German people are Anglophiles. They love the ‘humour of the toilet’ so much that whenever they meet an English person they assure them that they have “a very British sense of humour”. Every British person in Germany has been told this at some point.
But the main reason why Germans like the English is because their funny bodies seem so inferior. Bad diets, bad teeth, bad chins – it all suggests to them that the English are an unhealthy, malformed younger cousin who keeps them entertained but sleeps in the spare room in the attic.
The conflicting superiority/inferiority complex extends to many areas. Germans are delighted by all matters concerning “die Qveen” (the German word Königin is not adequate to describe someone regarded in Germany as an amusing and very expensive mascot). This all stems from the Second World War, of course. The German at the end of the Fawlty Towers episode who wonders aloud, shaking his head in bemusement and resignation, “However did they win?” is asking a question that Germans subconsciously ask themselves all the time.
This indulgent love for the British was much demonstrated yesterday when we found out that Britain’s massive state budget cuts mean that the Rhine army, the remnants of Britain’s occupying force, is finally going to be withdrawn. Even if the decision was finally forced by fiscal restrictions, Britain has now concluded that the Germans are not planning a counter-attack.

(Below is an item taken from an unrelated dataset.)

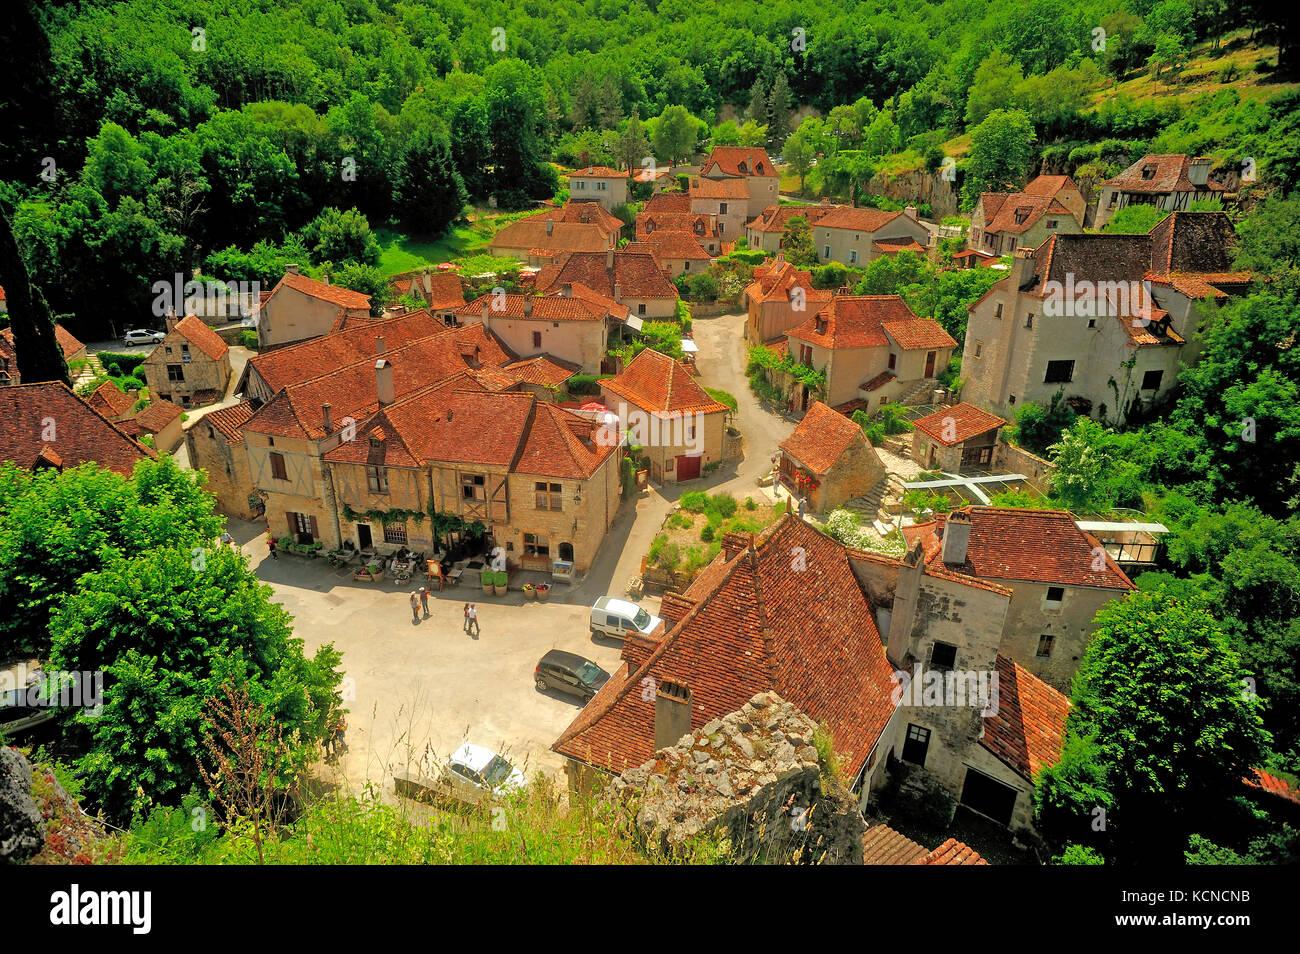 Saint-Cirq-Lapopie, Lot Department, Midi-Pyrénées, France - Stock Image

People in places like Paderborn and Gütersloh were really upset. Of course, this is partly because of the economic hole that will be left over. But in this excellent article, which speaks to some of the communities where the British soldiers live, you sense the devastation is emotional too. Apparently some Germans have basically fallen in love with their erstwhile conquerors, in a kind of massive half-century-long Stockholm-type way.